EDITORIAL: Safe and sound after the storm

IT’S pleasant to be able to report good news.

Hurricane Nicole has passed without major damage, it seems. We can be thankful for that mercy – particularly given all that Grand Bahama and Abaco went through with Hurricane Dorian.

But we should also give credit where it is due.

In this column ahead of the storm, we urged people to take the storm seriously – and people did.

Whether it was a matter of remembering all that had gone before with Hurricane Dorian, or simply being prepared, people stocked up on supplies, put up their shutters, prepared sandbags and more as the storm drew near.

NEMA did its job, issuing warnings to advise people of the coming storm, and people responded to those alerts, with many moving out to shelters as the storm arrived.

Not all evacuated, with the administrator of West End, Grand Bahama, pointing out many did not heed the call. Ricardo Ferguson said: “I am happy that the population of West End also fared well, despite not heeding the evacuation call.”

There is plenty of flooding in places, and an issue with a lack of drainage in some locations that could mean it will be a while before flood water brought by the storm surge or the pouring rain will ebb away.

Residents in Grand Bahama talked of water coming over the sea wall and coming to their doors but not much getting inside.

Still there were areas where perhaps some more preparation could have been done.

Over in Green Turtle Cay, the general manager of the Bluff House Beach Resort and Marina, talked of how the storm felt stronger than expected. Molly McIntosh said: “Nicole was stronger, certainly than I thought it was going to be, it had much more of an impact than I thought it would and I think most of the people on Green Turtle Cay kind of felt the same way, that we just weren’t quite prepared. We had a little shock there, because it was stronger and longer than we thought.

“We had several trees come down, we had a little bit of roof damage. We have metal roofs and some of them flipped back and we have to get that repaired. Water came up over the docks.”

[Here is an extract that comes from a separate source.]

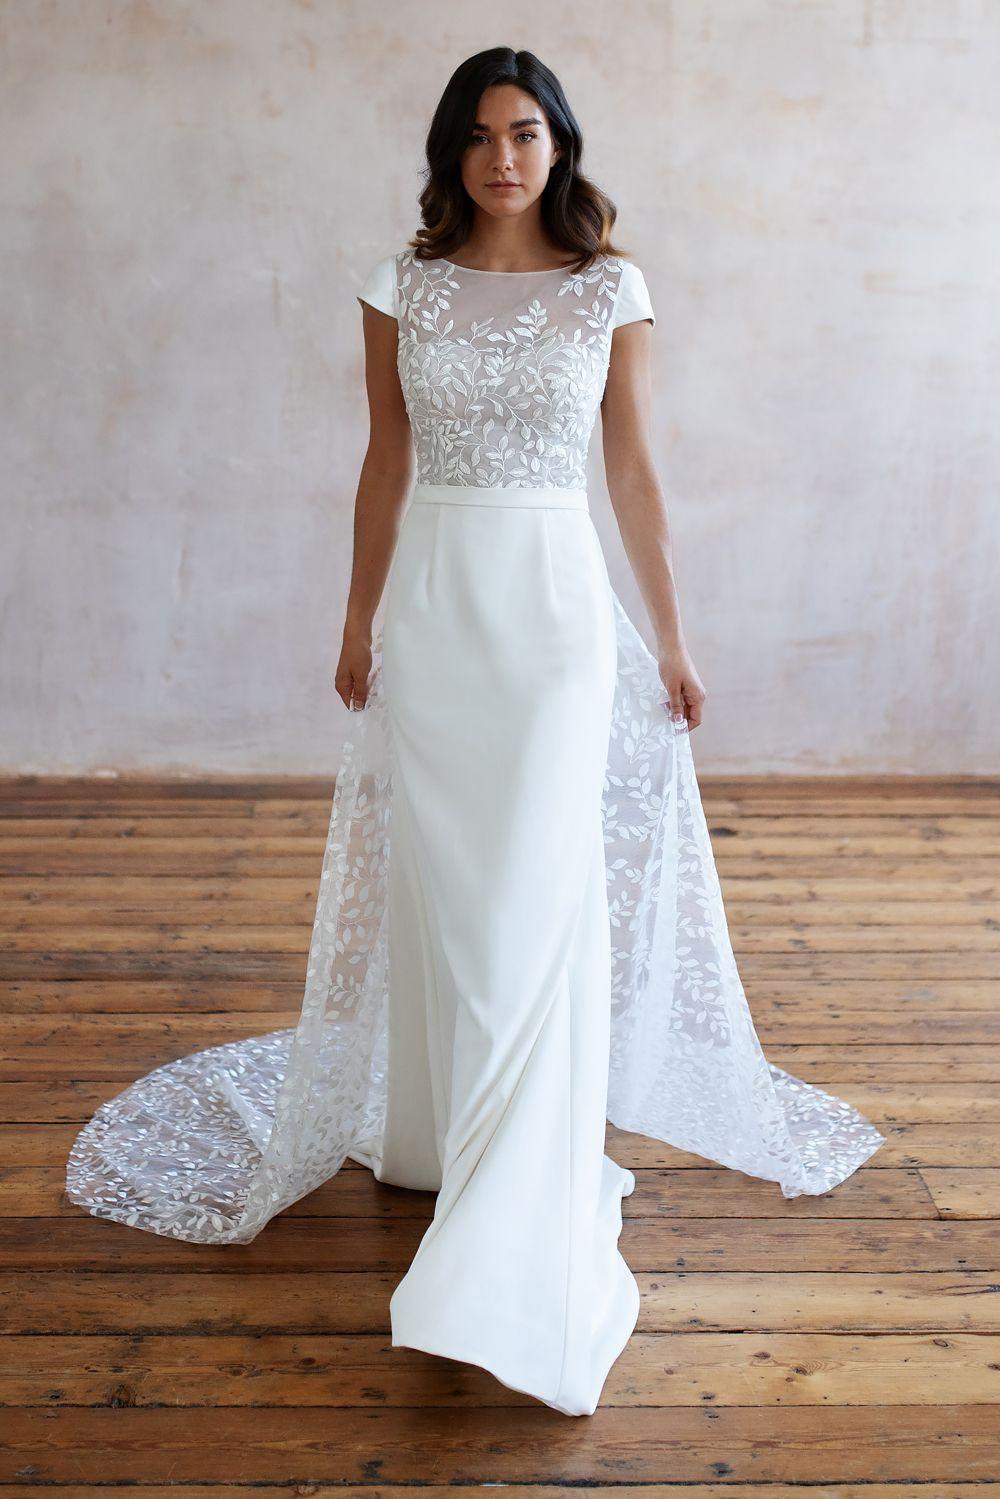 Wedding Dresses Lace Bridal Shops Near Me Bridal Shops LondonLace Wedding Dresses Wedding Dress Lace Lace Wedding Dress Wedding Dresses Cap Sleeve Wedding Dress 6 3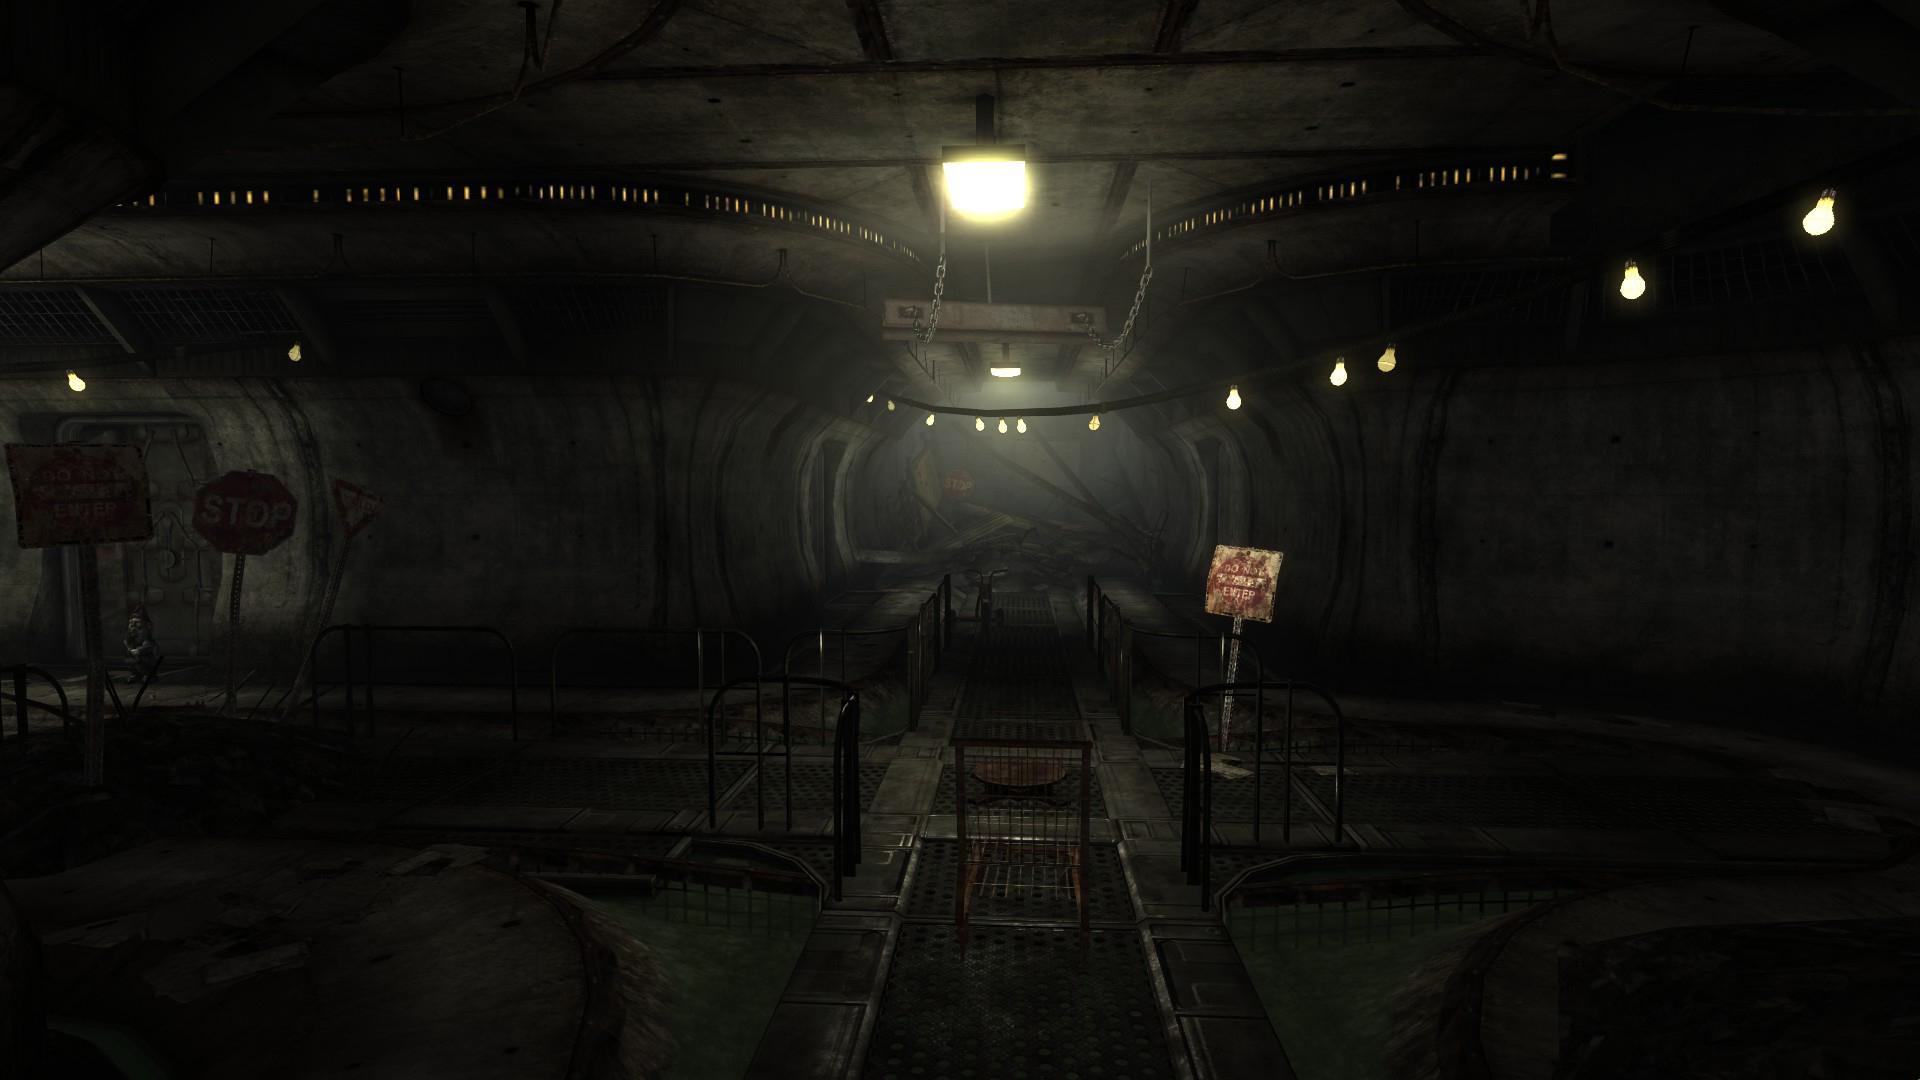 County Sewer Mainline Fallout Wiki Fandom Powered By Wikia

All told, though, The Bahamas appears to have fared well in the storm – and we should not just accept that fact, but celebrate it.

Because there is bad news too. Prime Minister Philip “Brave” Davis sounded the alarm this week that climate issues are only going to get worse – and in today’s Tribune, a meteorologist warns that with ocean waters warming up, the chances of seeing more storms like Nicole, a hurricane late in the season, are higher than previously.

Wade Szilagyi said: “November is at the tail end of the hurricane season and it is unusual to get a hurricane and so this was an unusual event with Hurricane Nicole. But because the waters, the ocean waters, have been above average for this time of the year, the chances of seeing something this late in the season or even another hurricane are higher than the average.

“So you know the question does arise: does climate change have something to do with more hurricanes or anything like that. The jury’s still out, we don’t know but one thing is for certain with increasing sea surface temperatures for sure, hurricanes will tend to be stronger in the future, as well as extend later in the season and we’re already starting to see that.”

So well done to all for playing their part in being ready for the storm. But know we’ll likely have to do so again. And again.

We have learned some of our lessons from storms such as Dorian. We have shown some of those lessons in preparing for Nicole. We will just have to keep learning, and when we need to do so – be ready.